B  Impa renaudla plaque.JPG (28466 octets) Une plaque commémorative, oeuvre de Renaud, est apposée sur la maison                                                                                                         sise au n° 7 de l'impasse Florimont  75014 Paris 

                                                                                   où Georges a habité,écrit et composé de 1944 à 1966. 
                                  Retrouvez la lettre d'invitation écrite par Maxime Le Forestier, Gibraltar,
Renaud et André Tillieu

 

              Vidéo de l'inauguration>   http://www.megaupload.com/?d=H71A0A4K

                                                                                 

 

B  Imps la plaque. Renaud.JPG (15339 octets)Aubret/Renaud/Tillieu

 

Lettre d'invitation

 

  Paris, 11 septembre 1994

 

 

Chère Amie,

Cher Ami,

 

 

 

Francs du collier,l’esprit dispos, et après mûre réflexion, les soussignés ont ourdi un complot visant bel et bien à apposer une plaque commémorative sur la maison sise au n° 7 de l’Impasse Florimond ( 75014 PARIS ), ou Georges Brassens a habité, écrit et composé, de 1944 à 1966 ;

 

Ils ont conscience, en signalant ce lieu à l’attention du promeneur, de rencontrer le souhait de nombreux amis du « Bon Maître »et de poser par là un paraphe collectif au bas de la légende Brassénienne.

 

La plaque sera inaugurée le 22 Septembre prochain à 17 h 00, en présence d’un fervent public, parmi lequel les protagonistes du projet seraient ravis et fiers de pouvoir vous compter.

 

Pourquoi le 22 Septembre ?

 

Simplement parce que Georges, qui s’emmêlait obstinément les pinceaux dans le calendrier, avait mémorisé cette date là, avant de l’élever à la dignité de chansonnette.

 

Et puis, ce sera une occasion de « traverser l’équinoxe funeste » en compagnie de « Tonton Georges ».

 

Nous comptons sur votre présence.

 

Au rebours de la tradition des « Quat’z’arts », il n’y aura de «  tournée des boxons » . Par contre, le verre de l’amitié n’aura jamais tant mérité son nom.

 

Au 22 Septembre donc !

 

A vous de tout cœur.

 

 

 

                                                                                  Maxime Leforestier

                                                                                  Pierre Onténiente dit « Gibraltar »

                                                                                  Renaud

                                                                                  André Tillieu

                                                                                  ( par ordre d’entrée dans le dictionnaire)


 

 

 

Discours d'André Tillieu

 

Prononcé le 22 septembre 1994 ,

A l’impasse Florimont

 

(voir n°22. Nov. 1994 des Amis de Georges)

 

Chers artisans des lettres et du music hall, chers amis,

 

 

Le sujet en vaut la peine, allons-y à la manière de Cicéron : en réfutant le principal des préjugés : « Une plaque commémorative, Brassens, n’eût pas aimé ça… ». Et bien !, pas d’accord ! Pas d’accord du tout… Certes il eût bougonné, rigolé dans sa moustache, sorti quelques mots un peu énergiques , mais au fond de lui-même, il eût savouré l’intention et l’événement.

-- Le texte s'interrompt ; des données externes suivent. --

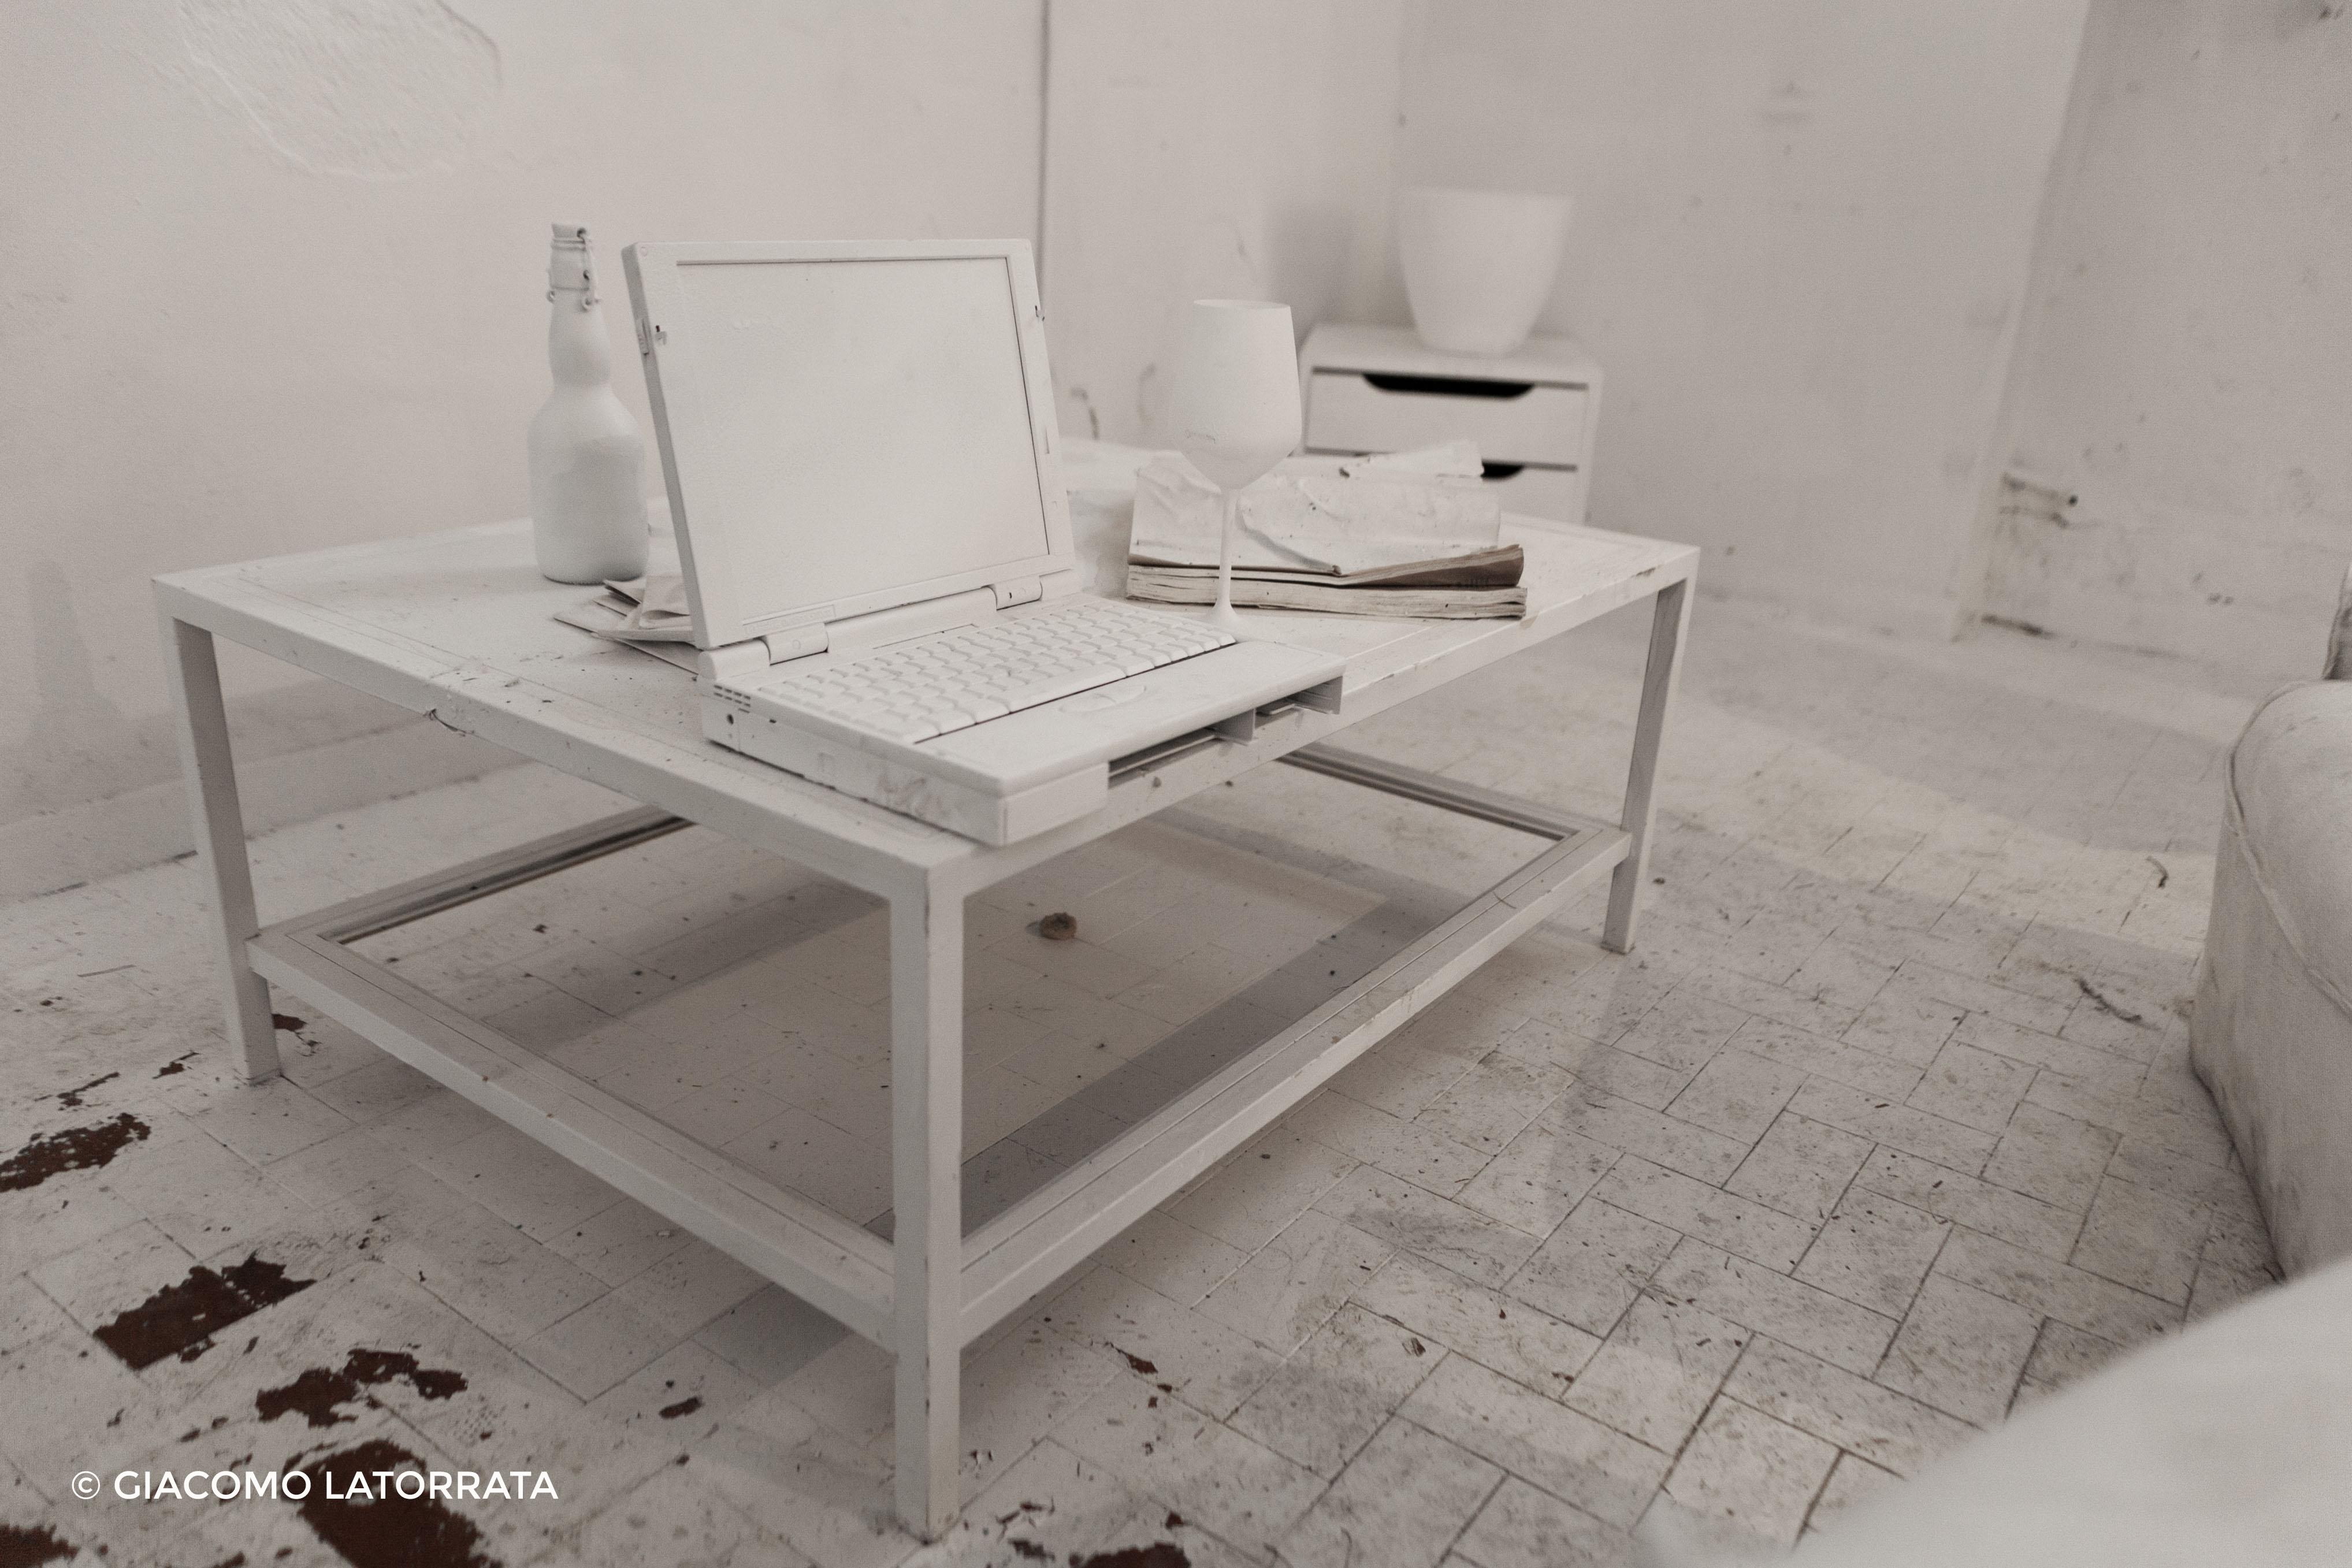 Tellas – Wunderkammer Gallery © Giacomo Latorrata

Il aimait être aimé… comme tout un chacun.

 

On a beaucoup parlé de la pudeur de Brassens : avec raison. Elle est des  dominantes de son art et de sa personnalité.

 

Mais ce sentiment rare - la pudeur - on l’a rarement utilisée comme grille pour décoder, comme on dit de nos jours, ses déclarations publiques et privées.

 

Quand Georges lâchait à brûle-pourpoint et face à l’intéressé : « ce con de Gibraltar »… « ce con de Poletti »… « ce con d’Abatte »… « ce con de Tillieu »…, et bien  l’intéressé pavoisait : il savait que c’était la façon du bonhomme d’interpeller ses amis en termes pas trop joufflus, où

L’amitié se faufilât sans en faire des kilos. Villon et quelques autres lui avaient appris les vertus de l’antiphrase, de la litote, de l’euphémisme.

 

De même, il arrive que des pions entendent encore nous faire la leçon en proférant : « Vous qualifiez Brassens de poète, alors que lui-même récusait la flatteuse étiquette… » Bien sûr qu’il récusait… S’il l’avait acceptée, il se serait entassé le casque du pompier jusqu’aux épaules. Pas de ça Lisette. « Moi j’fais des chansonnettes… » c’était sa pédale douce, son modérateur de vanité, son attendrisseur de louanges. Je vais vous faire une confidence : Georges n’était pas un imbécile…et il avait parfaitement conscience d’écrire des textes nettement au dessus de la moyenne de ceux-là qui avaient cours dans la chanson d’alors.

 

Se décerner les lauriers du poète, ce n’était pas son affaire, mais la nôtre. Nous n’y avons pas failli. Quant aux pions, grand bien leur fasse, leur scepticisme est à leur taille.

 

Dans le registre voisin, celui des musiques, Brassens expliquait souvent à ses interlocuteurs qu’elles se devaient de demeurer en retrait par rapport aux textes, pour ne pas les gêner. Ben voyons ! En fait, il savait très bien que ses mélodies se suffisaient à elles mêmes, qu’elles possédaient des qualités propres à plaire aux oreilles délicatement ourlées. Quelques jazz-men américains nottenment, groupés autour de Moustache se sont chargés de le rappeler aux sourds, aux béotiens et  à ceux que notre ami Fallet appelait les « oreilles de lavabo ».

 

Lui-même, Brassens, au tournant d’un refrain  a lancé « tout à trac » : « Tout aussi musicien que vous, tas de bruiteurs ! ».

 

Avec le temps, ces bruiteurs devinrent des connards au catalogue des anathèmes brasséniens.

 

Au retour d’une soirée particulièrement triomphale à Bobino, si on se félicitait devant lui de son succès, Brassens, avec une mauvaise foi insigne, rétorquait : « Oui, ce soir il devait y avoir dix connaisseurs dans la salle. Hier il y en avait tout au plus cinq… ».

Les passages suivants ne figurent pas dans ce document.